- Пойду спать, Уил. Будешь ложиться, выключи свет.
- Я скоро, - ответил он. - Сегодня был длинный день.
Он сладко потянулся, не отрывая от нее взгляд. Она затаенно улыбнулась и пошла прочь. Вскоре за ней затворилась дверь спальни.
Выключив свет и заперев двери, он поднялся на длинный чердак, тянувшийся над всем домом. Дом купили лишь два года назад, но чердак уже успел собрать изрядную коллекцию хлама; там валялась всякая поломанная или просто ненужная всячина, вряд ли кто еще воспользуется ею, однако пролежит она здесь до нового переезда, до чьей-нибудь смерти. Он же пришел посмотреть на яблоки, зреющие в пыльной темноте на длинной полке. Их прислали с фермы. Уже в дверях ощущался их нежный, ни с чем не сравнимый аромат. Он взял одно яблоко, покрутил его в руке, попробовал на вес, на ощупь - твердое, гладкое, прохладное. Не найти яблока вкуснее, и здесь для них самое место.

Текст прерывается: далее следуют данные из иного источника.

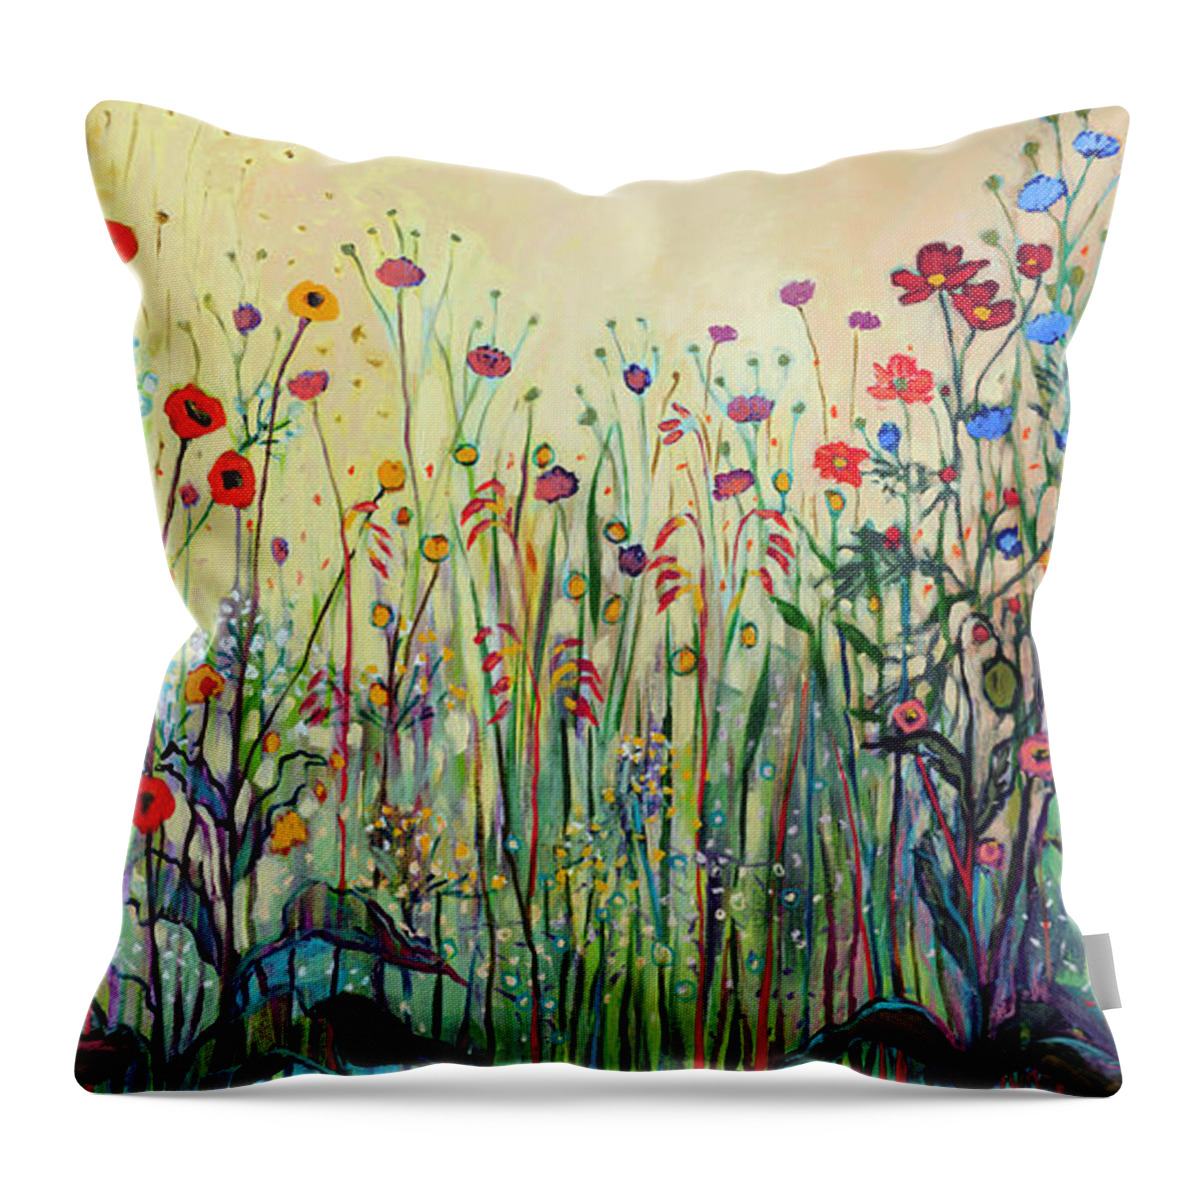 Floral Throw Pillow featuring the painting Summer Joy by Jennifer Lommers

Перед ним возникло лицо Мэри - ее взгляд в передней; мысль о ней была как нож, полоснувший глубоко, но не больно. Да, подумал он, я действительно живу - мы очень привязаны друг к другу. Что-то заставило его положить яблоко и открыть небольшое застекленное окно в крыше - в лицо задул чистый холодный ветер. То была осень. Он почувствовал ее кровью. Так он стоял, вбирал в себя холодную осень, думал о жене. Потом захлопнул окно и спустился в спальню.
Третья пара присоединилась к остальным под яблоней, третий образ заявил о себе - каждой четкой линией тела, и обладал он не только женщиной, но и особым, ни с чем не сравнимым знанием. Старик разглядывал их всех без зависти, но с любопытством. Вот если бы они могли поговорить между собой, тогда что-нибудь прояснилось бы. Но они молчали - таково было условие. Каждый лишь твердил: "Вот она, любовь".
Фигуры исчезли, старик очнулся. В старости спишь чутко, но часто, и во сне приходят видения. Мэри нет в живых уже десять лет, их дети стали взрослыми. Он всегда думал, что Мэри переживет его, но вот ведь как вышло. А с ней было бы так хорошо. Он горевал, и все же, когда он думал о ней мертвой, горе маячило вдалеке. Она была ближе, чем горе. Однако странно было бы вновь ее повстречать.
На ветке распускается цветок, потом наливается и зреет плод, падает на землю или срывают его, и все повторяется сначала. Но сколько ни следи за расцветом, за увяданием, тайна не раскроется. А как ему хотелось разгадать ее!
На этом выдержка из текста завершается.